_Given information_:
----------

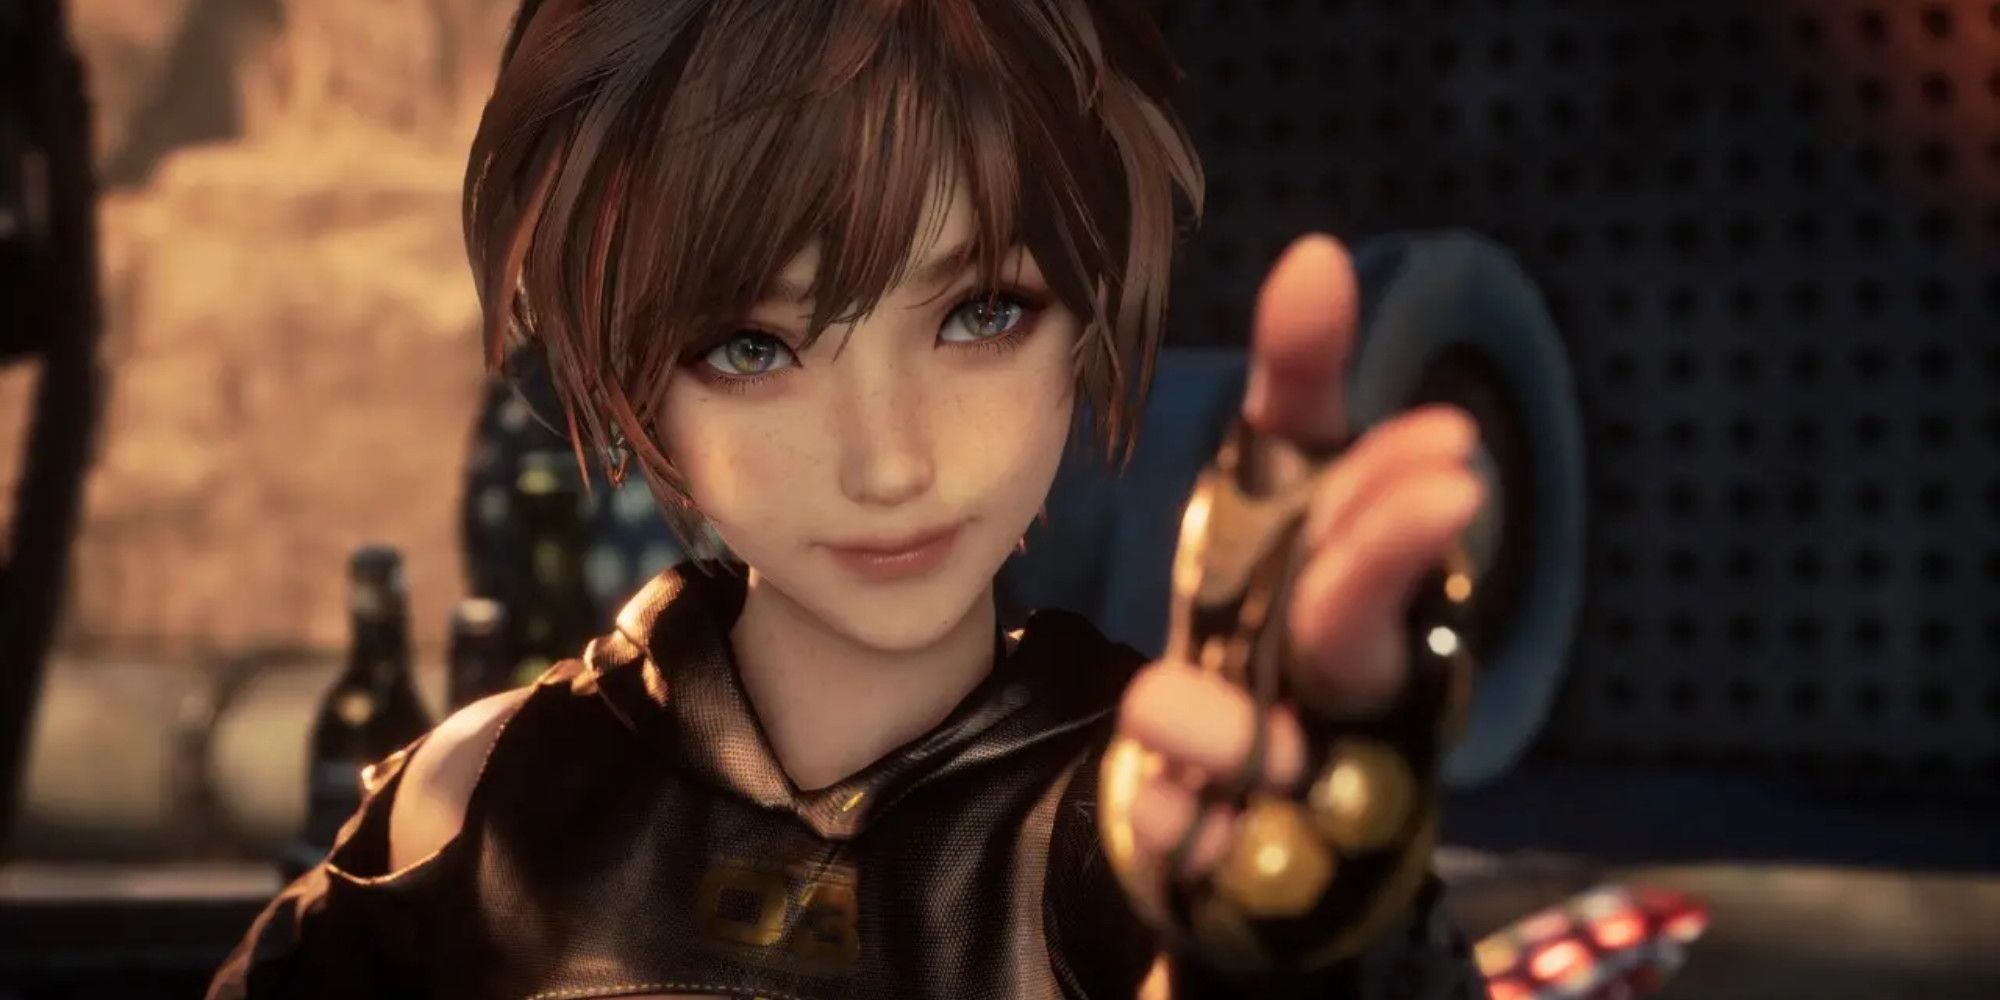 A young girl with short brown hair pointing at the screen with her hand in the shape of a gun
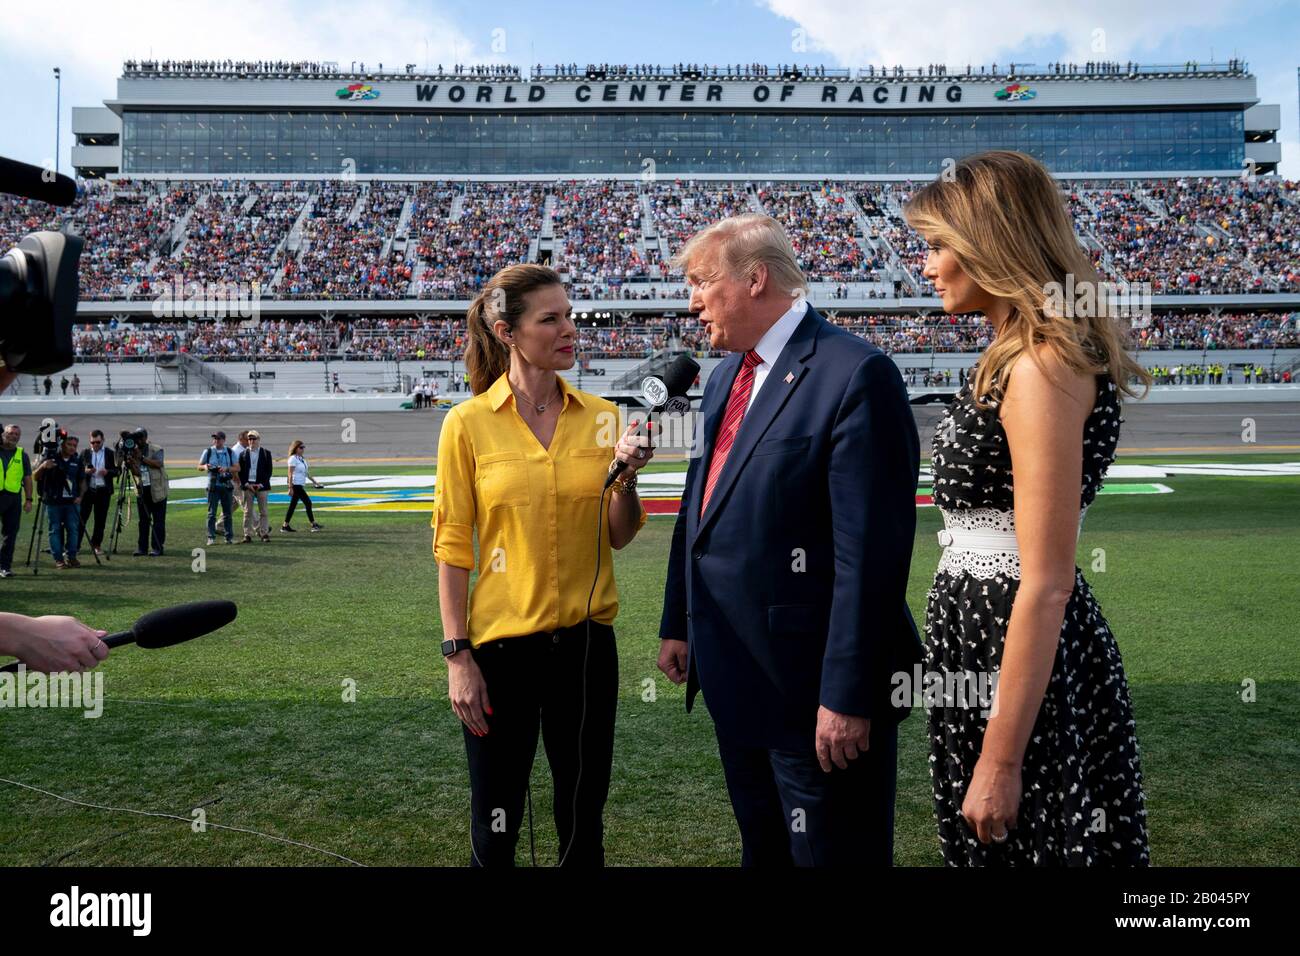 U.S President Donald Trump and First Lady Melania Trump are interviewed by Jamie Little of Fox Sports at Daytona International Speedway February 16, 2020 in Daytona Beach, Florida. Trump served as the official starter of the the NASCAR Daytona 500 auto race and took a ride in the presidential limousine around the track. Stock Photo
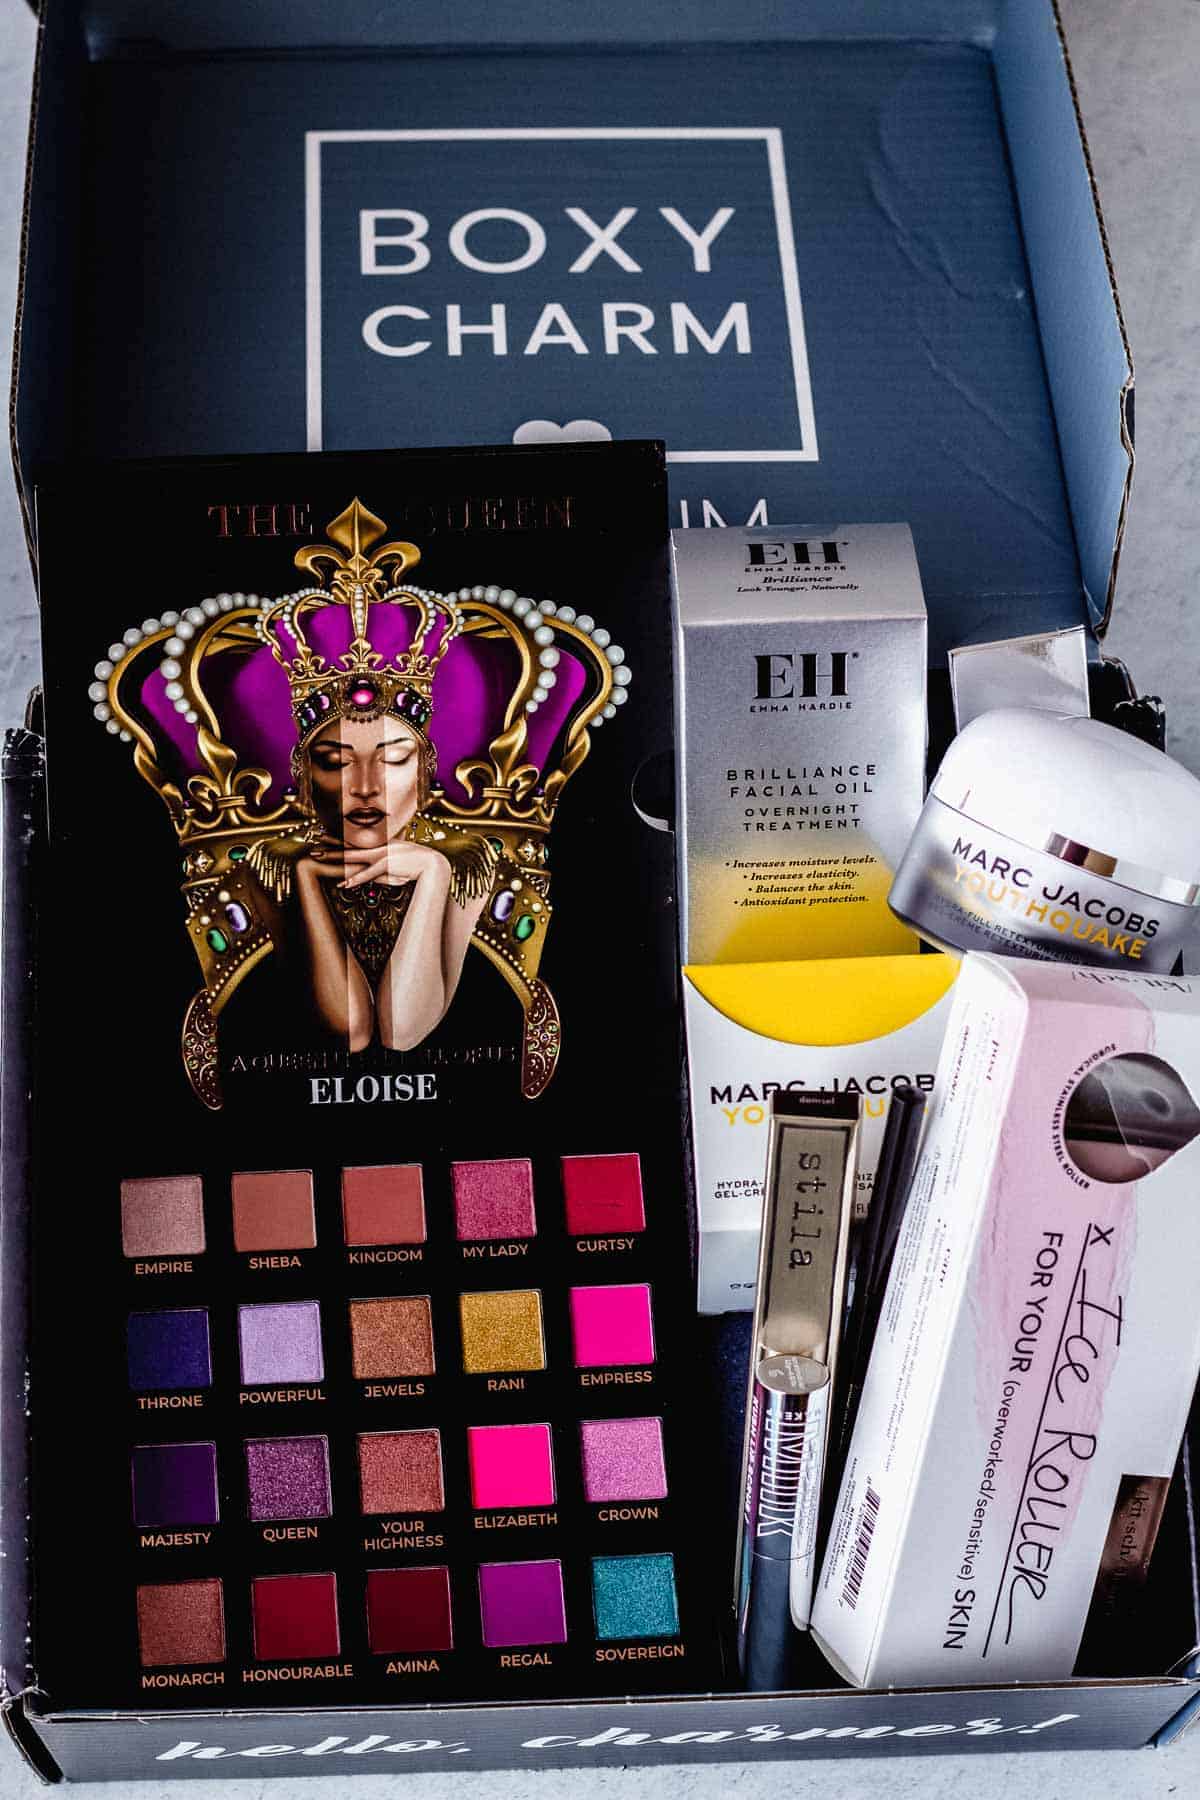 All of the items in my September 2020 Boxycharm Premium box displayed inside of the box
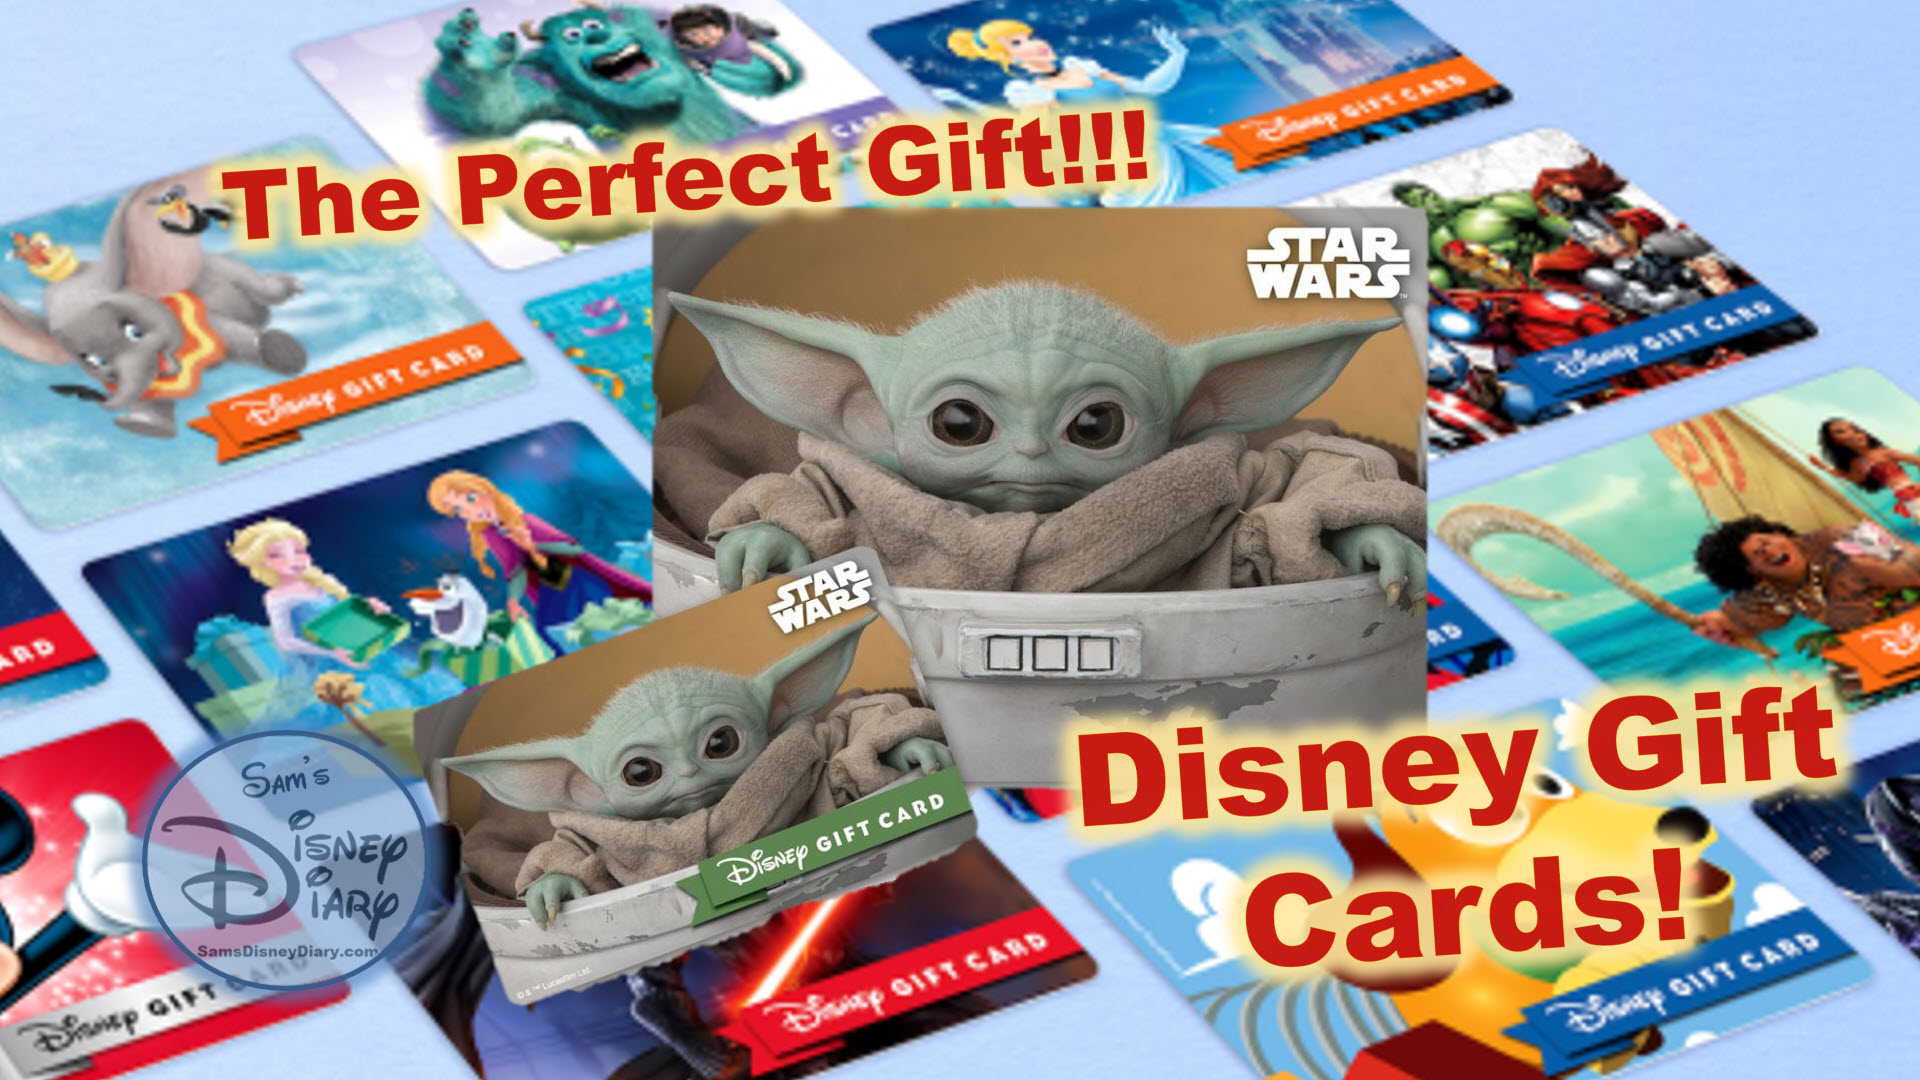 Disney Gift Cards The Perfect Gift and now over 60 designs

----------

_Task objective_: Extract the lines beginning with the one that contains "All of the items" and ending with the last line of the listing. Keep them exact and drop the pictures.

_Answer section_:
 All of the items in my September 2020 Boxycharm Premium box displayed inside of the box
 Disney Gift Cards The Perfect Gift and now over 60 designs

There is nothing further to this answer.